Spherical Sliced-Wasserstein
This work addresses the need for computationally efficient Wasserstein distances on spherical data, which is incremental as it adapts an existing method to a new geometric setting.
The paper tackles the problem of extending the Sliced-Wasserstein distance to manifolds, specifically the sphere, by defining a novel spherical Sliced-Wasserstein discrepancy, enabling efficient computation and demonstrating its utility in machine learning applications like sampling, density estimation, and hyperspherical auto-encoders.

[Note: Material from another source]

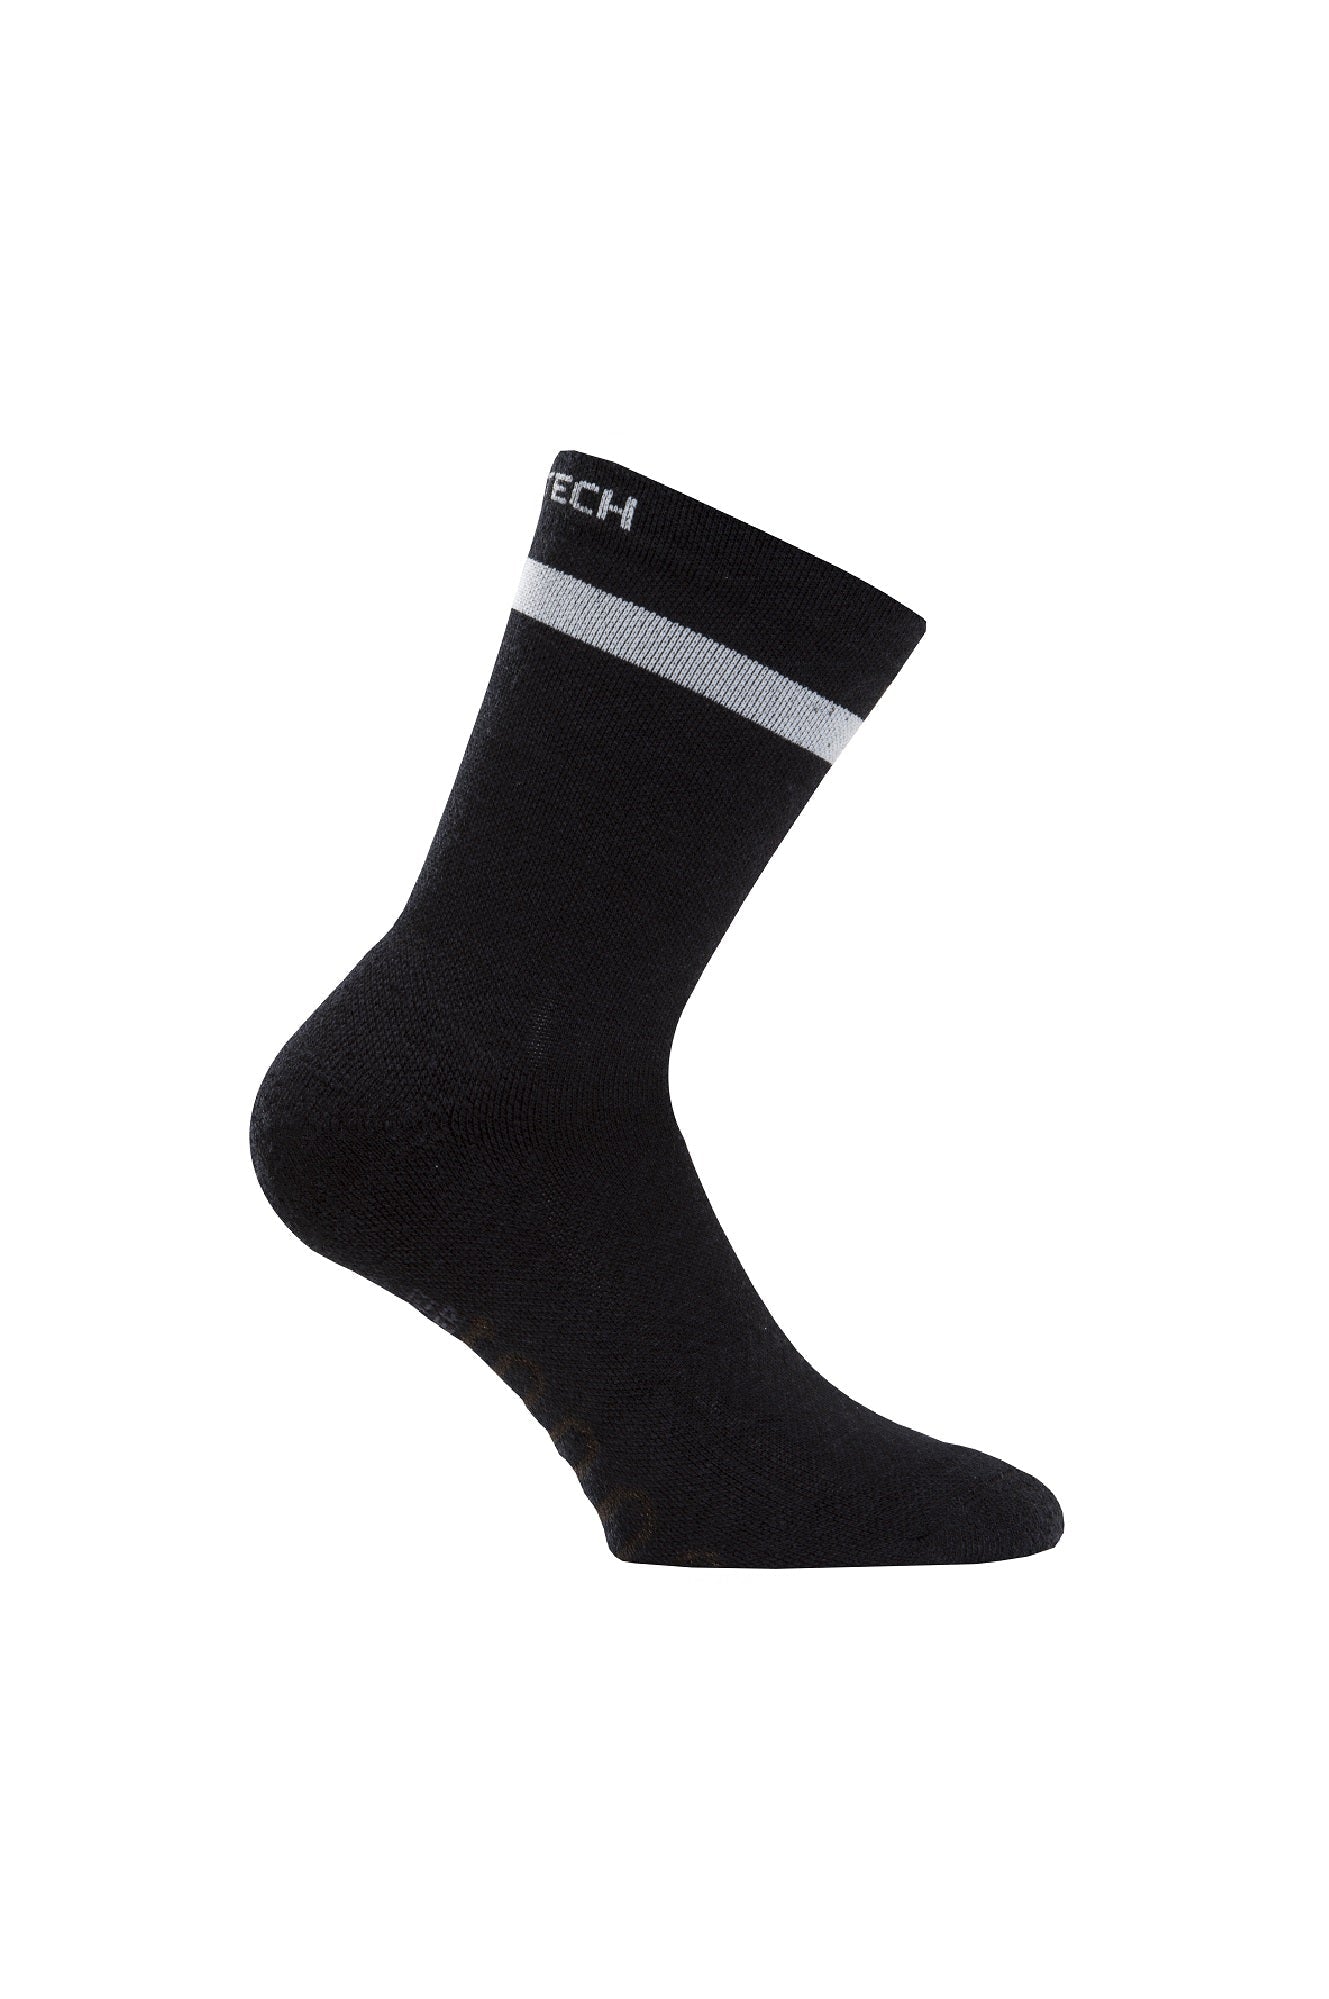 X-Tech XT120 sock

Many variants of the Wasserstein distance have been introduced to reduce its original computational burden. In particular the Sliced-Wasserstein distance (SW), which leverages one-dimensional projections for which a closed-form solution of the Wasserstein distance is available, has received a lot of interest. Yet, it is restricted to data living in Euclidean spaces, while the Wasserstein distance has been studied and used recently on manifolds. We focus more specifically on the sphere, for which we define a novel SW discrepancy, which we call spherical Sliced-Wasserstein, making a first step towards defining SW discrepancies on manifolds. Our construction is notably based on closed-form solutions of the Wasserstein distance on the circle, together with a new spherical Radon transform. Along with efficient algorithms and the corresponding implementations, we illustrate its properties in several machine learning use cases where spherical representations of data are at stake: sampling on the sphere, density estimation on real earth data or hyperspherical auto-encoders.